What would it take to make a fuctioning photon rocket?

For reference closet counterpart to this would be the "wings of light" and Minovsky Drive System of the Gundam metaseries, engines that release what looks like pure light as a propellant.

• Just to clarify, are you looking for a mechanism/maths which would allow for light to be used as a propellant? or a proper design for a rocket?
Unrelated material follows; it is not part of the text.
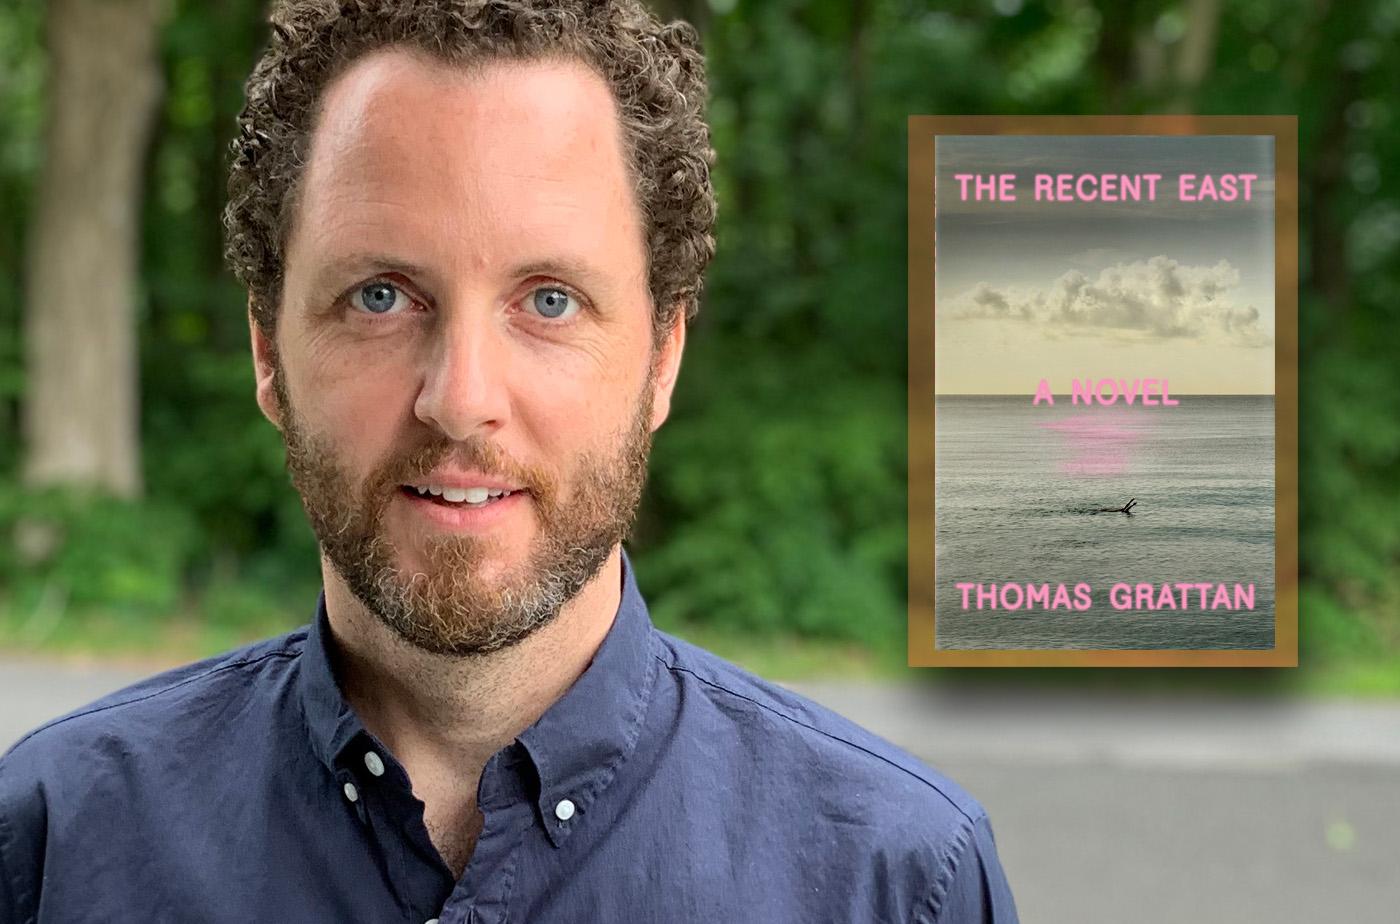 Catapult online classes: Thomas Grattan, 6-Week Online Fiction Workshop: Moving Through Time, Fiction, Workshop

As a note, you would not be able to see the light from a photon rocket unless it was interacting with particles in the eject path, or if you are somehow in the blast zone of the light. – Shadowzee Aug 22 '19 at 1:44
• I would post a picture of a astronaut holding a flashlight, but apparently I can't put pictures into comments. – TheDyingOfLight Aug 22 '19 at 1:57
• Literally anything that can emit photons can act as a rocket in space for items of small enough mass, so "what it would take" to be useful is just a lot of photons. – stix Aug 22 '19 at 3:00

You can point any light source out the back of your ship and get some acceleration, but for all modern-day light-producing technologies the acceleration of the ship would be incredibly low. If you want to get decent acceleration your best bet would probably be matter-antimatter reactions powering a gamma ray laser, see the pdf of F. Winterberg's paper on the idea here and a shorter summary of his scheme here. The reason you want photons in the gamma ray frequency range is that the momentum $$p$$ of a photon is given by the equation $$p = \frac{hf}{c}$$ where $$h$$ is Planck's constant, $$f$$ is the frequency, and $$c$$ is the speed of light, so you want the frequency to be as high as possible so that the momentum added to the ship when it emits the photon (which is equal and opposite to the momentum of the photon, due to conservation of total momentum) will be as large as possible.